PIEDRA NEGRA SOBRE UNA PIEDRA BLANCA




Me moriré en París con aguacero,

un día del cual tengo ya el recuerdo.

Me moriré en París ?y no me corro?

tal vez un jueves, como es hoy, de otoño.




Jueves será, porque hoy, jueves, que proso

estos versos, los húmeros me he puesto

a la mala y, jamás como hoy, me he vuelto,

con todo mi camino, a verme solo.




César Vallejo ha muerto, le pegaban

todos sin que él les haga nada;

le daban duro con un palo y duro




también con una soga; son testigos

los días jueves y los huesos húmeros,

la soledad, la lluvia, los caminos...




PIERRE NOIRE SUR PIERRE BLANCHE




Je mourrai à Paris, un jour d'averse,

un jour dont j'ai déjà le souvenir.

Je mourrai à Paris - je n'en ai pas honte -

peut-être un jeudi d'automne, comme aujourd'hui.
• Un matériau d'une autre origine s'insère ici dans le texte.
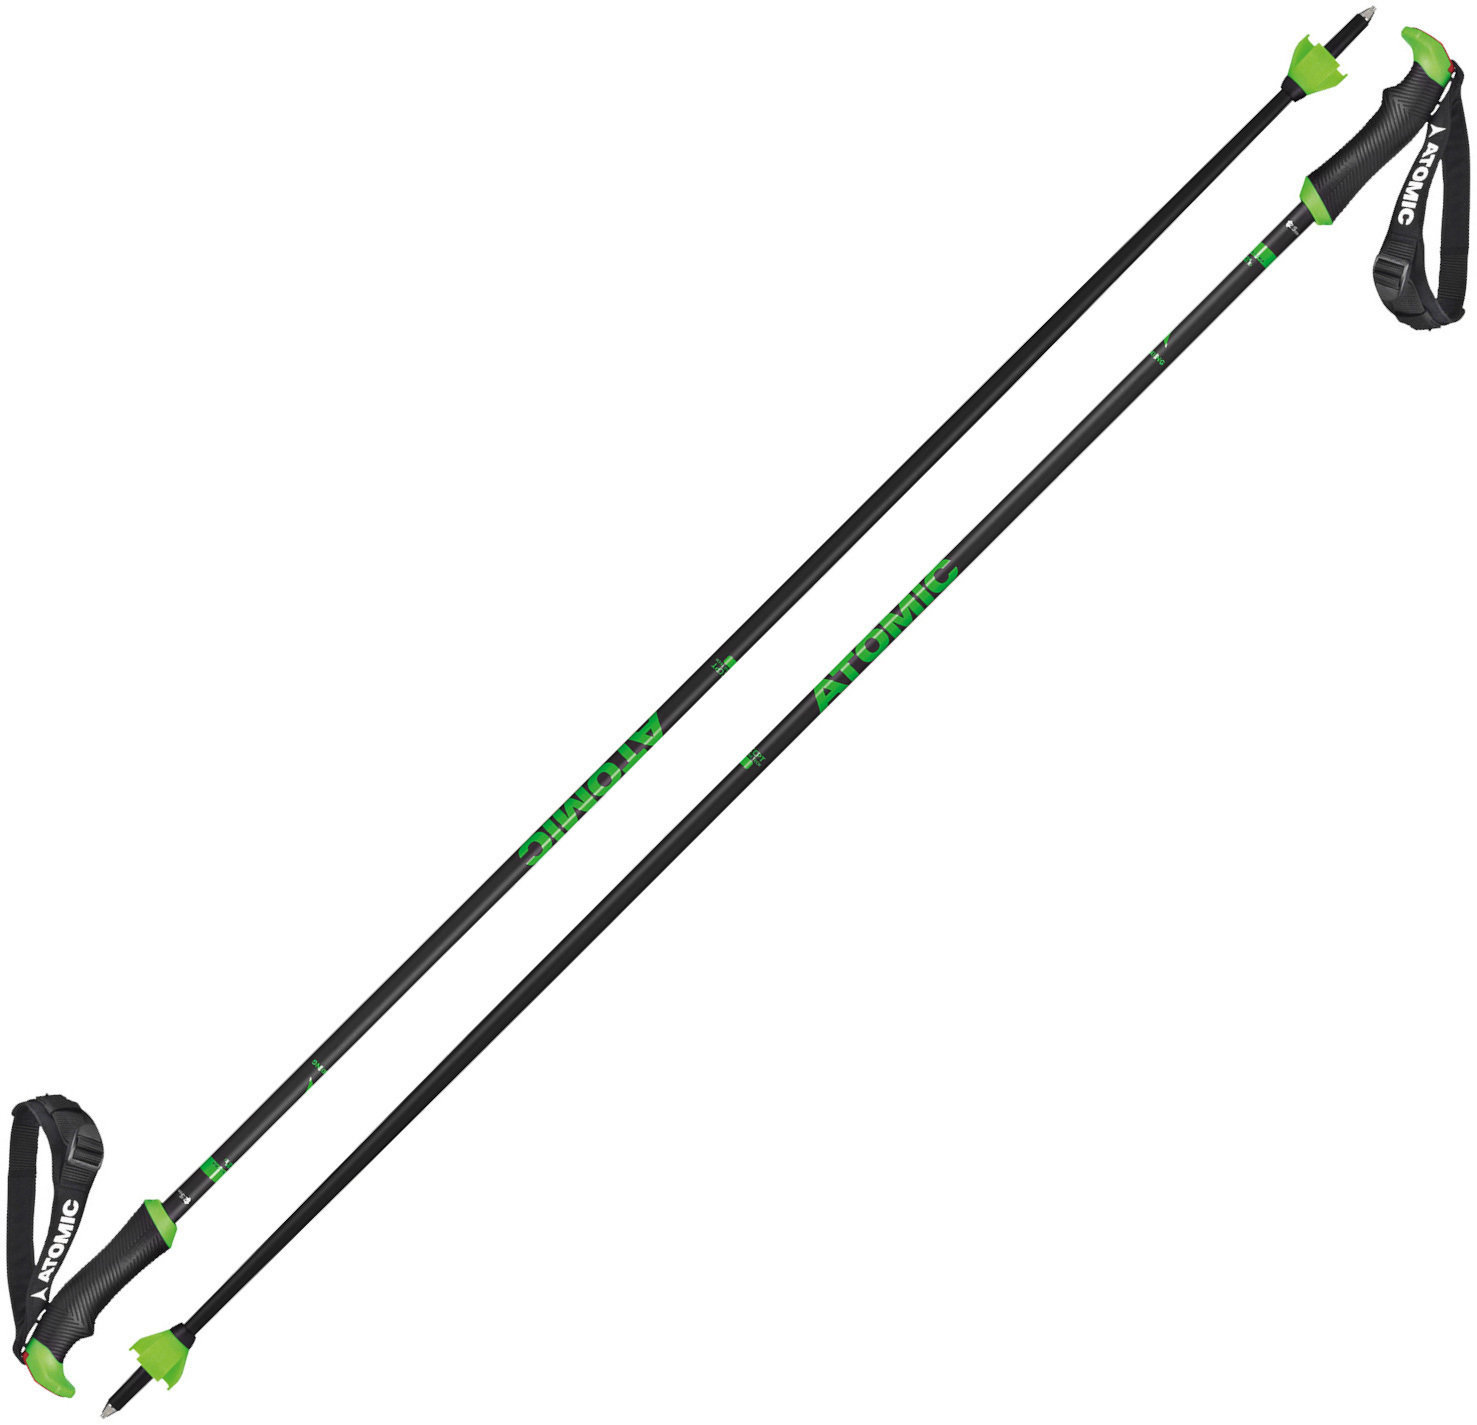 Ski-Stöcke Atomic Redster X Carbon SQS Grau-Grün 120 cm Ski-Stöcke

Un jeudi, oui; car aujourd'hui, jeudi, où j'aligne

ces vers, tant bien que mal j'ai endossé mes humérus,

et jamais comme aujourd'hui, je n'ai essayé,

après tout mon chemin, de me voir seul.




César Vallejo est mort, tous le frappaient

tous sans qu'il ne leur fasse rien ;

et tous cognaient dur avec un bâton et dur




encore avec une corde; en sont témoins

les jours jeudis et les os humérus,

la solitude, la pluie, les chemins...


Cesar Vallejo


Traduction François Maspero

In "Esprits nomades"



"Parmi les poètes de la littérature contemporaine d'Amérique latine, le nom de Vallejo est l'un des plus prestigieux. S'il n'a pas eu la chance d'obtenir la gloire internationale d'une Gabriela Mistral ou d'un Pablo Neruda, ce poète péruvien n'en doit pas moins être mis au rang des plus grands. Peu à peu déprise de la mélodie moderniste, sa voix a su éclater en accents insolites et bouleversants pour dénoncer la mort, le malheur, l'injustice ou pour clamer l'amour, la solidarité, l'espérance de l'âme. La grandeur de Vallejo est d'avoir pu assumer jusqu'à l'agonie et recréer en poésie à la fois son propre destin et le destin des opprimés, fussent-ils indiens, russes ou espagnols."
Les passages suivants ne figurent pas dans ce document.